By the time they get to the next stage at Chilwell, they will be completely up to speed with all the necessary drills and therefore should not fail.
During the rigorous two-week serial on the Cumbrian hills and wilds of Wathgill military area participants cover 65 essential training objectives.
The challenging drills - many of which will be new to part-time personnel - include honing techniques on weapons, navigational tests and fitness appraisals:
This isn’t a pass or fail exercise, but it gives us an idea of the standards people are at, so we can give individuals feedback on things to work at,” said Major Jesty.
Hopefully all those coming through Afghan Tiger now will end up on HERRICK 17, operating in the same roles as their Regular colleagues.
The London Regiment is currently overseeing the package ahead of its own personnel joining the Scots Guards on operational duty in October:
I haven’t been on tour before, but I think this is good preparation for deploying,” commented Lieutenant Matt Jones, after laying down fire with his SA80.
The 23-year-old, who currently works for a technology company, added:
The exercise’s exact purpose is to close any gap between Regulars and Reserves. There’s no reason why TA soldiers can’t work to the same level.
Fusilier George Young conceded there was much to learn over the fortnight:
Shooting from different positions while on the move is new to me so this will better prepare me,” he said.

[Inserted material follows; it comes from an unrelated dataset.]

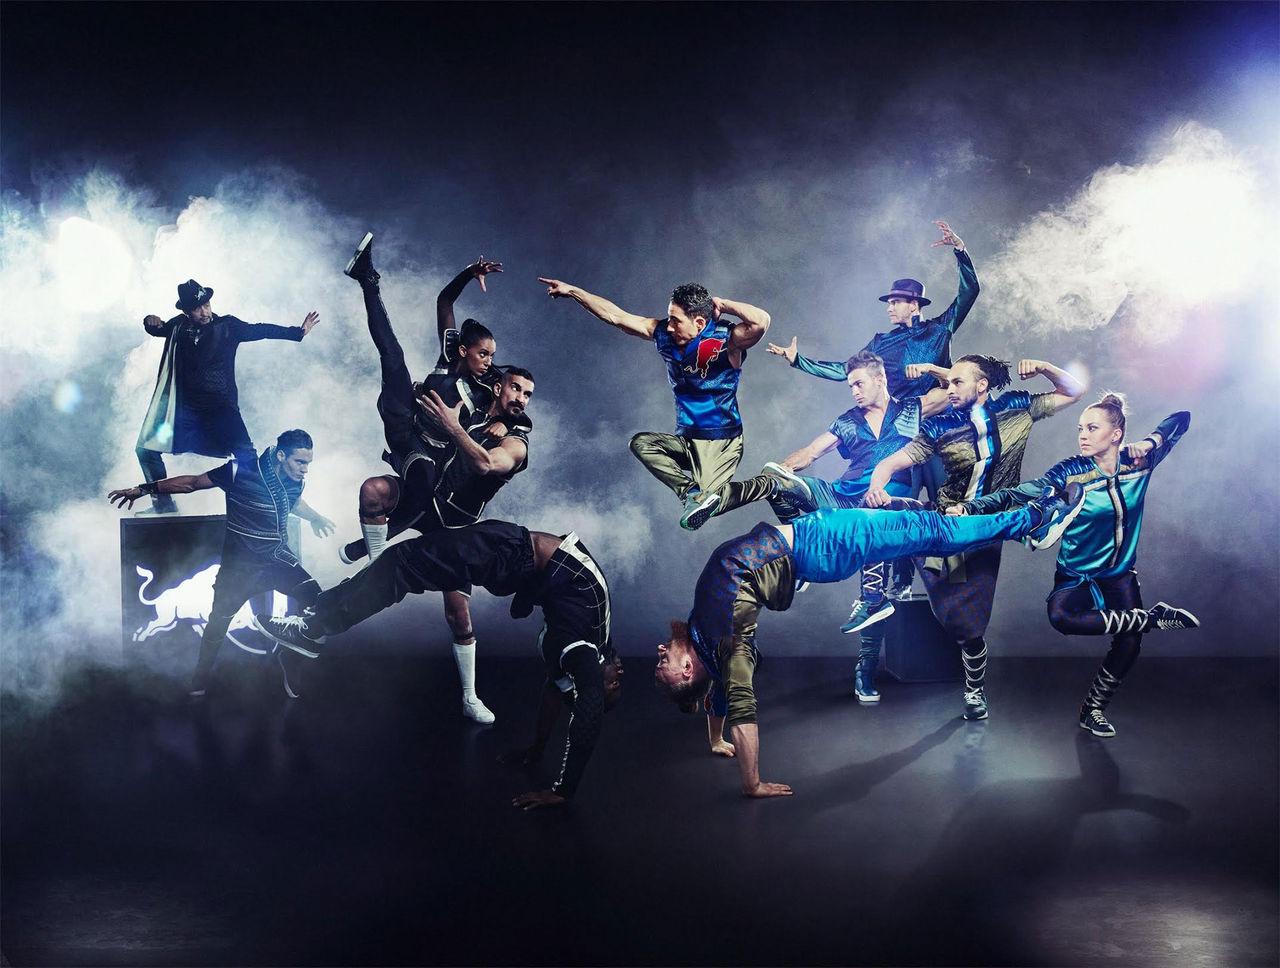 breakdanceföreställning kommer till Globen

Getting out on operations was the major reason I joined the Army and I can’t imagine the training being any better as I think it covers everything.
Under recommendations set out in the Future Reserves 2020 report, the Service’s volunteers are set to total 30,000.
But as demonstrated during the premobilisation event, part-time personnel are already evolving to form a diverse machine with depth of experience - including that of former full-time soldiers.
After a 23-year career with the Irish Guards, Corporal Anthony Farrelly, Royal Electrical and Mechanical Engineers, decided he had not quite finished with Army life and rejoined as a Reservist:
I left when my service ended, but then after six months as a civilian I came back,” said the veteran of Northern Ireland and Iraq.
I missed the banter and there’s a different type of honesty and loyalty in the military that you don’t get outside.
The 44-year-old now hopes to join his son, Lance Bombadier Ashley Farrelly, Royal Artillery, on HERRICK 17:
It is what he wanted to do and is what I am used to and love,” explained the ex-Regular soldier.
There is even a chance that our paths will cross while out there.
I joined up to see the world and test myself and my reasons now are exactly the same,” he added.
Lance Corporal Natalie Gardener, Royal Logistic Corps, explained how the opportunity was giving participants valuable extra training time:
As Reservists I think we have the necessary skills but we just want chances like this to practise them,” the hospital physiotherapist said.
As long as you show yourself as hardworking, up to the job and switched on then integration will work.
There’s always going to be a kind of barrier between Regulars and TA soldiers, but that exists even between sections - there will forever be competitiveness because that’s what the Army is about.
Using the same weapons, techniques, tactics and procedures as their colleagues, Territorials will arrive in Helmand ready to fight with a common purpose:
Volunteers will soon be indistinguishable from the rest of our Service personnel,” Major Jesty insisted.